Data Elements for PPO

class trlx.data.ppo_types.PPORLElement(query_tensor: torch.Tensor[torch.Tensor], response_tensor: torch.Tensor[torch.Tensor], logprobs: torch.Tensor[torch.Tensor], values: torch.Tensor[torch.Tensor], rewards: torch.Tensor[torch.Tensor])[source]

RLElement for PPO

Parameters
  • query_tensor (torch.Tensor) – The query tensor i.e. the prompt tokens. Should be a long tensor.

  • response_tensor (torch.Tensor) – The response tensor i.e. the output tokens. Should be a long tensor.

  • logprobs (torch.Tensor) – The log probabilities over all tokens in the vocabulary for each token generated from the policy network (i.e. the autoregressive model). Should be a float tensor of same size as tokens, with a dimension across the vocabulary.

  • values (torch.Tensor) – The values for each token generated from the value network or value head.

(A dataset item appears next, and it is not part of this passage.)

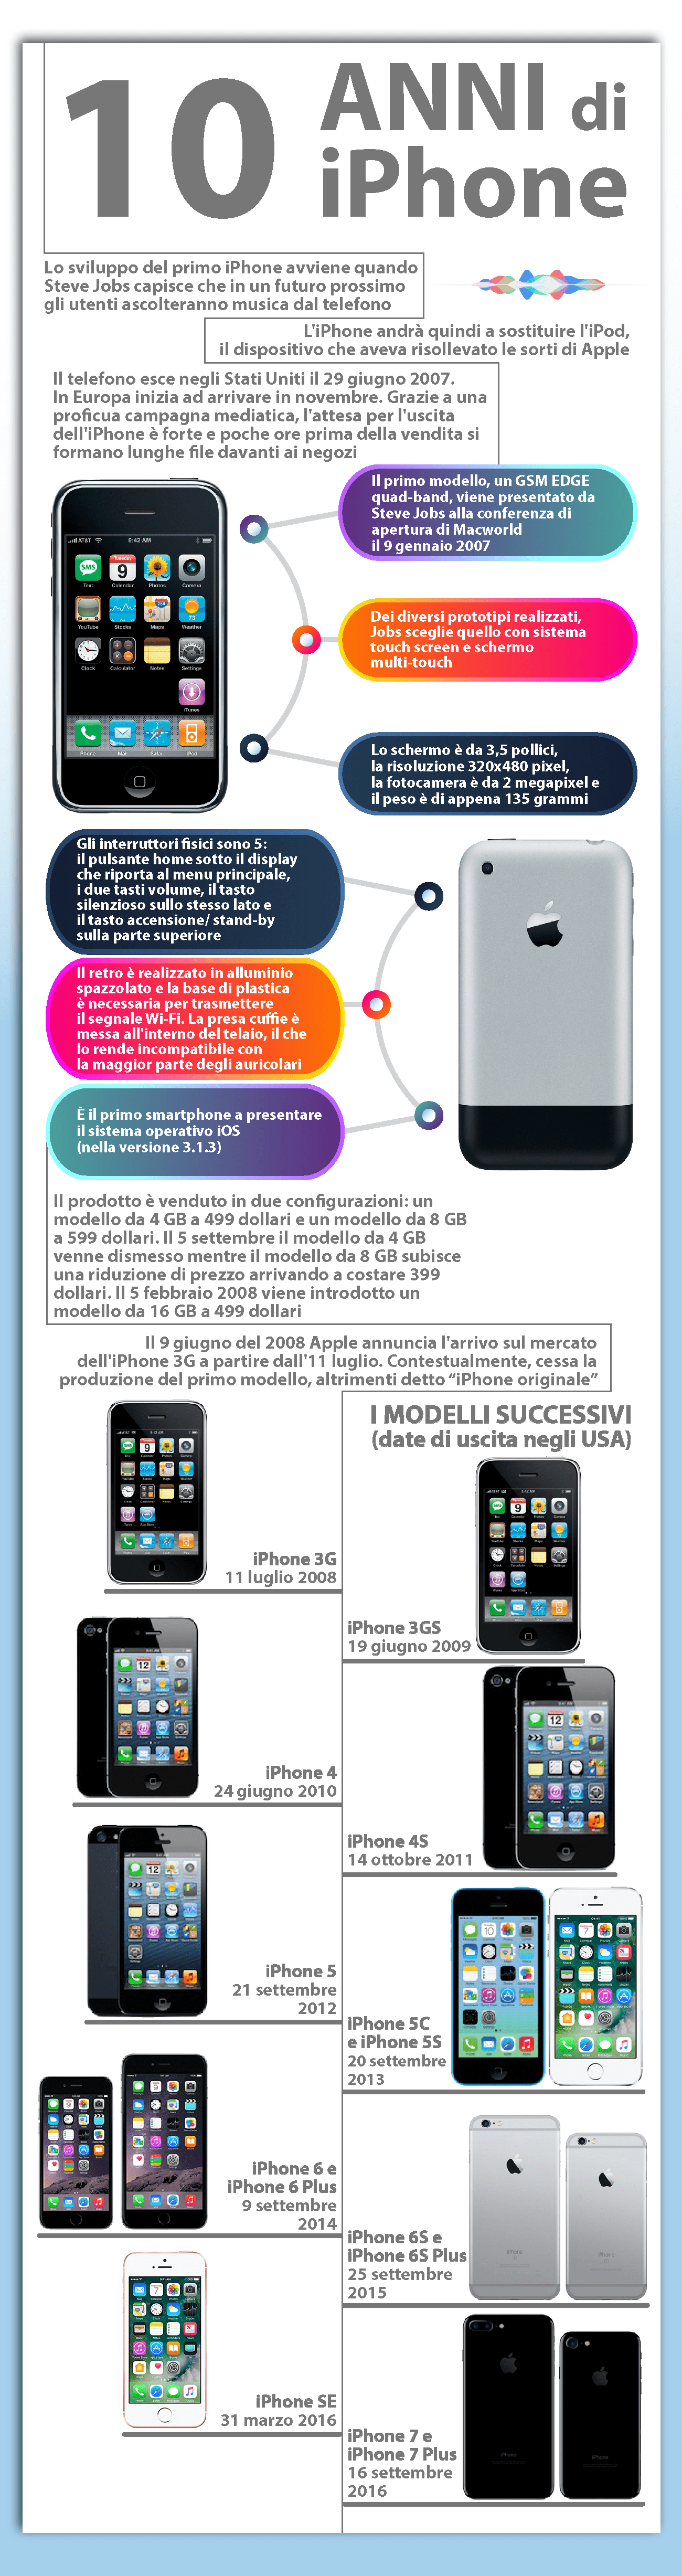 Infografica storia iPhone

Should be a float tensor of same size as tokens.

  • rewards (torch.Tensor) – The rewards for each token outputted in response. Should be a float tensor of same size as tokens.

class trlx.data.ppo_types.PPORLBatch(query_tensors: torch.Tensor[torch.Tensor], response_tensors: torch.Tensor[torch.Tensor], logprobs: torch.Tensor[torch.Tensor], values: torch.Tensor[torch.Tensor], rewards: torch.Tensor[torch.Tensor])[source]

A batched version of the PPORLElement. See PPORLElement for more details on individual fields.

Parameters
  • query_tensors (torch.Tensor) – A batch of query tensors. Should be a long tensor.

  • response_tensors (torch.Tensor) – A batch of response tensors. Should be a long tensor.

  • logprobs (torch.Tensor) – A batch of log probabilities from policy

  • values (torch.Tensor) – A batch of values from value network

  • rewards (torch.Tensor) – A batch of rewards

Data Elements for ILQL

class trlx.data.ilql_types.ILQLElement(input_ids: torch.Tensor[torch.Tensor], attention_mask: torch.Tensor[torch.Tensor], rewards: torch.Tensor[torch.Tensor], states_ixs: torch.Tensor[torch.Tensor], actions_ixs: torch.Tensor[torch.Tensor], dones: torch.Tensor[torch.Tensor])[source]

Data element for ILQL

Parameters
  • input_ids (torch.Tensor) – Input tokens. Should be a long tensor.

  • attention_mask (torch.Tensor) – Attention mask. Should be a long tensor.

  • rewards (torch.Tensor) – Rewards for each token. Should be a float tensor of same size as tokens.

class trlx.data.ilql_types.ILQLBatch(input_ids: torch.Tensor[torch.Tensor], attention_mask: torch.Tensor[torch.Tensor], rewards: torch.Tensor[torch.Tensor], states_ixs: torch.Tensor[torch.Tensor], actions_ixs: torch.Tensor[torch.Tensor], dones: torch.Tensor[torch.Tensor])[source]

Batched ILQL data elements

Parameters
  • input_ids (torch.Tensor) – Batch of input tokens.

  • attention_mask (torch.Tensor) – Batch of attention masks.

  • rewards (torch.Tensor) – Batch of rewards for each token in each token batch.